# What the task asks
Here is the task for the listing below: output exactly the lines from the one containing "Comment Honda utilise" through the one containing "Groupe de filles", and leave out the pictures.

# Excerpted records
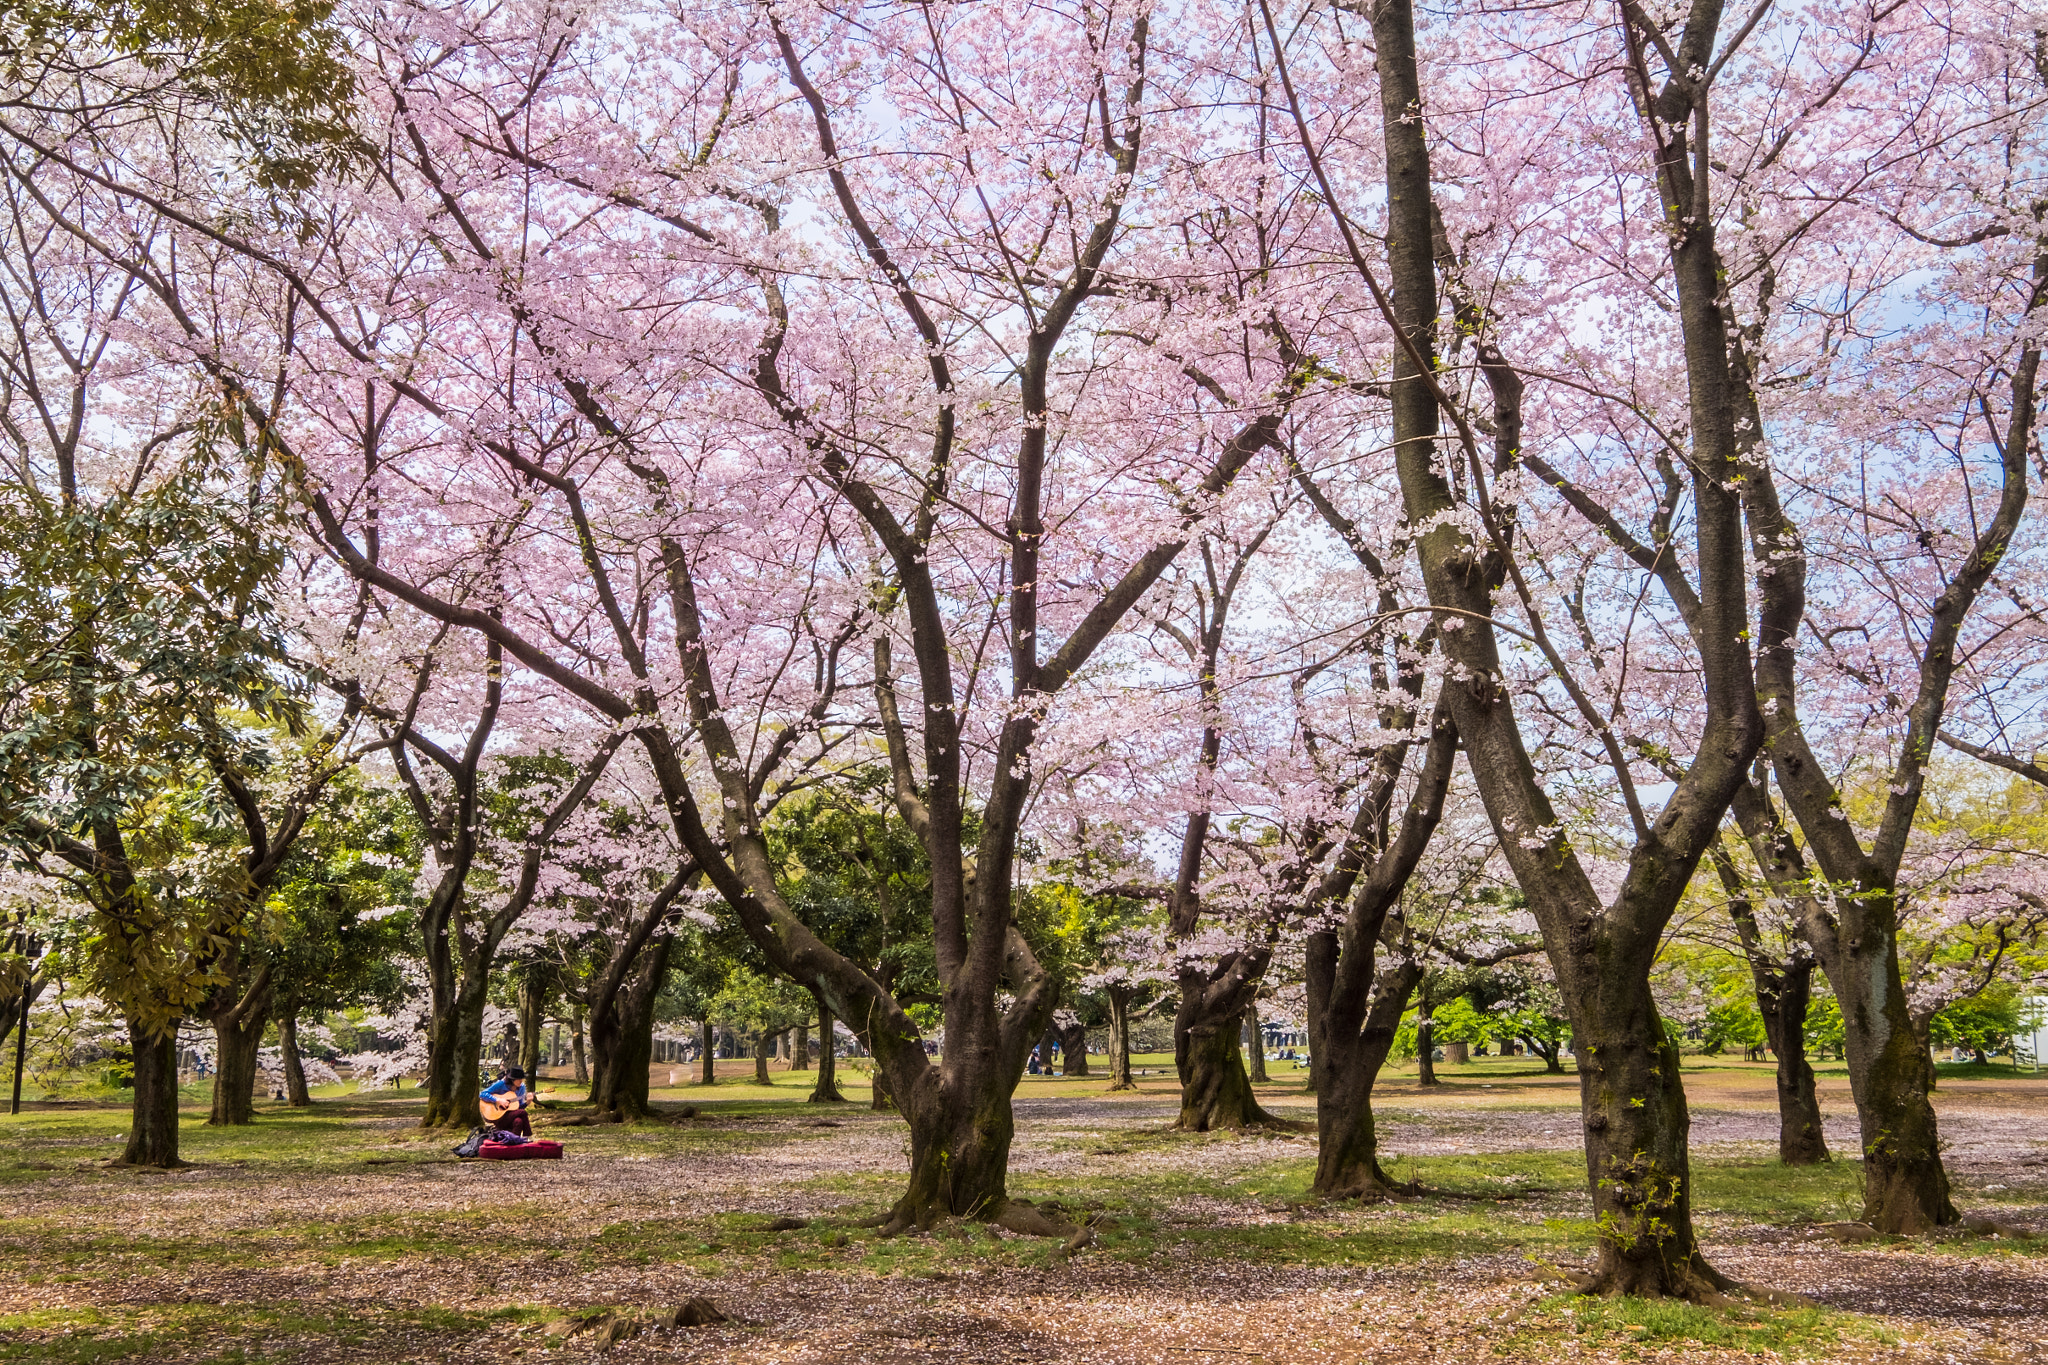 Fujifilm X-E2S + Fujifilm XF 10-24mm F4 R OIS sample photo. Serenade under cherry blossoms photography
...
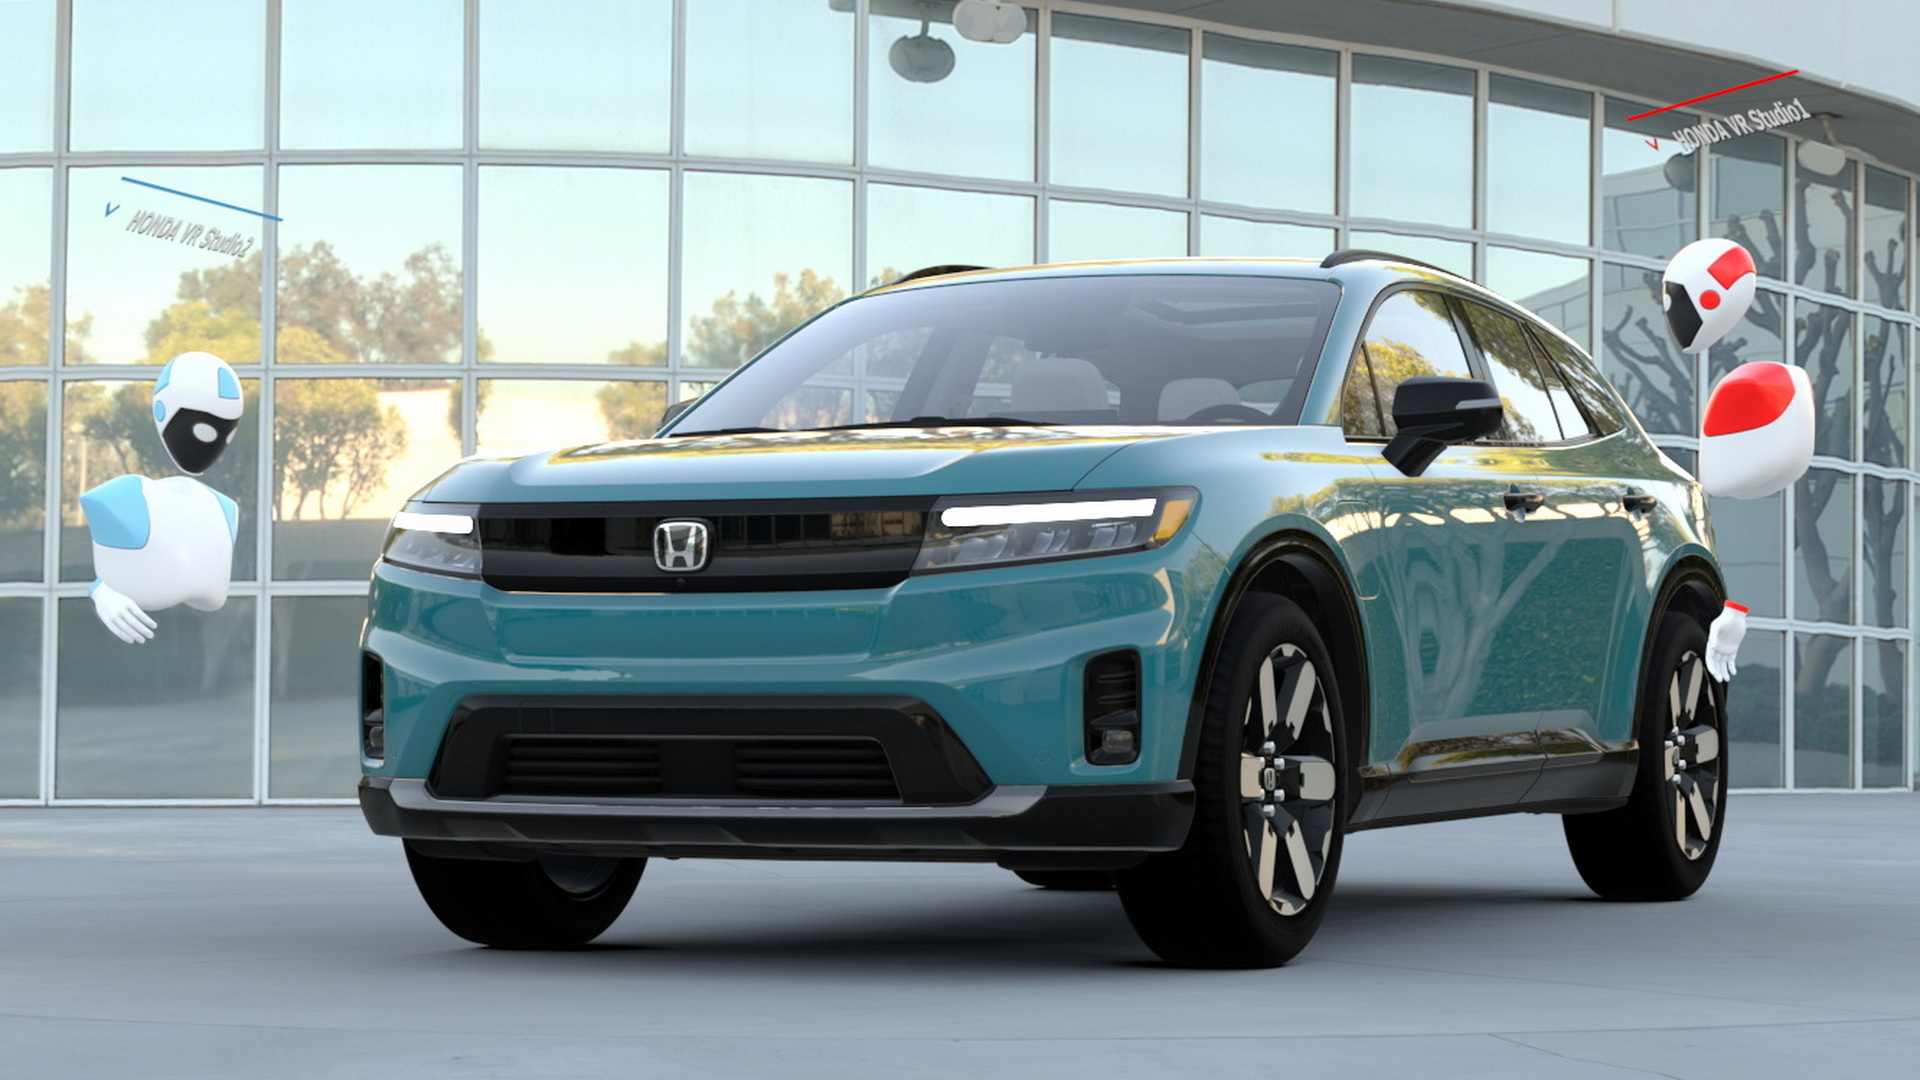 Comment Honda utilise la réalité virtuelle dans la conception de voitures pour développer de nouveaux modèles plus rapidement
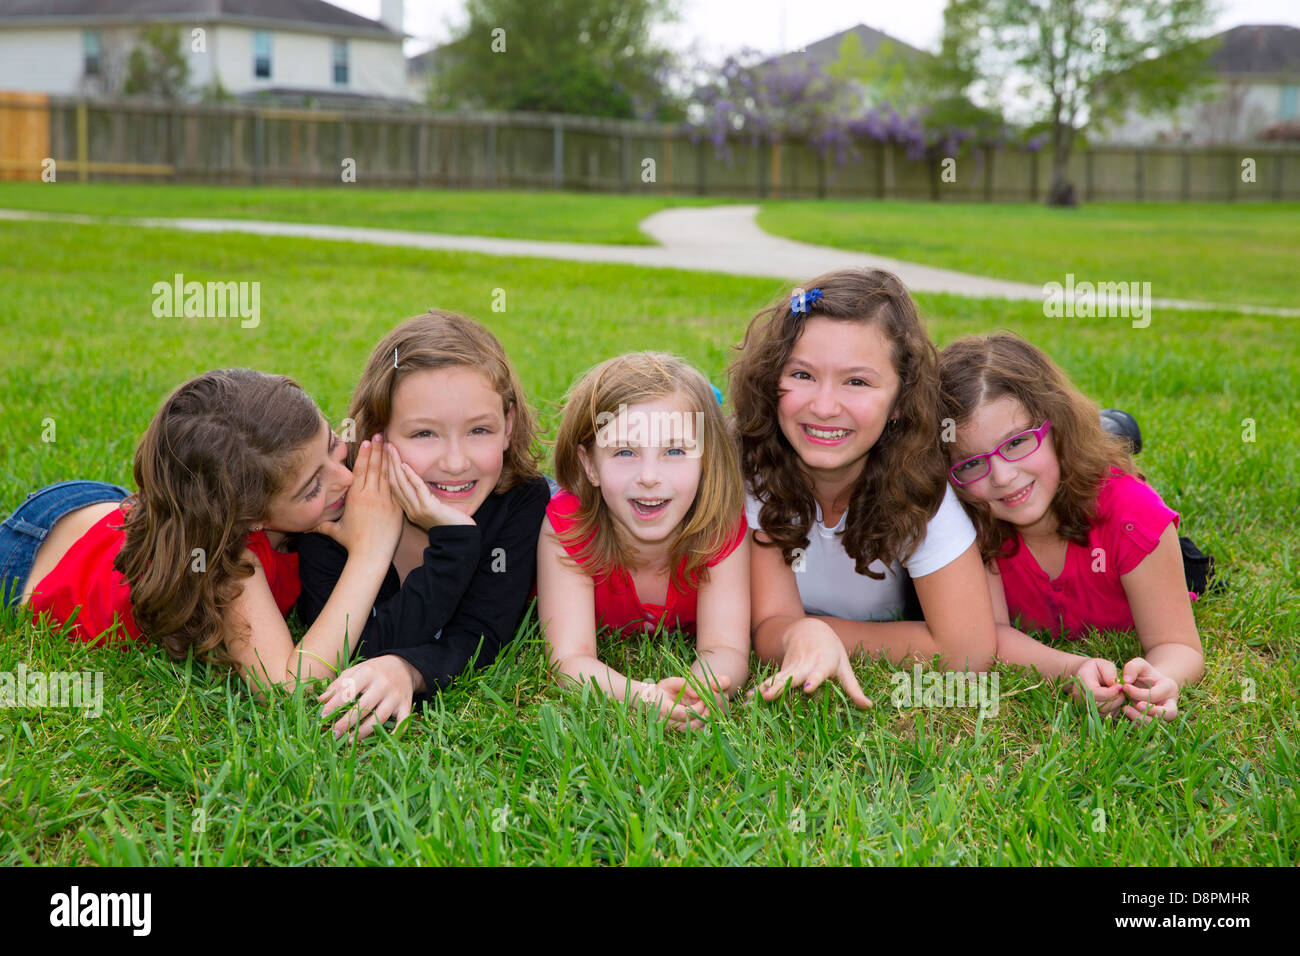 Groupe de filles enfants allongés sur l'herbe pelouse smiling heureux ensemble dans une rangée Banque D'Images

# Solution to this problem
 Comment Honda utilise la réalité virtuelle dans la conception de voitures pour développer de nouveaux modèles plus rapidement
 Groupe de filles enfants allongés sur l'herbe pelouse smiling heureux ensemble dans une rangée Banque D'Images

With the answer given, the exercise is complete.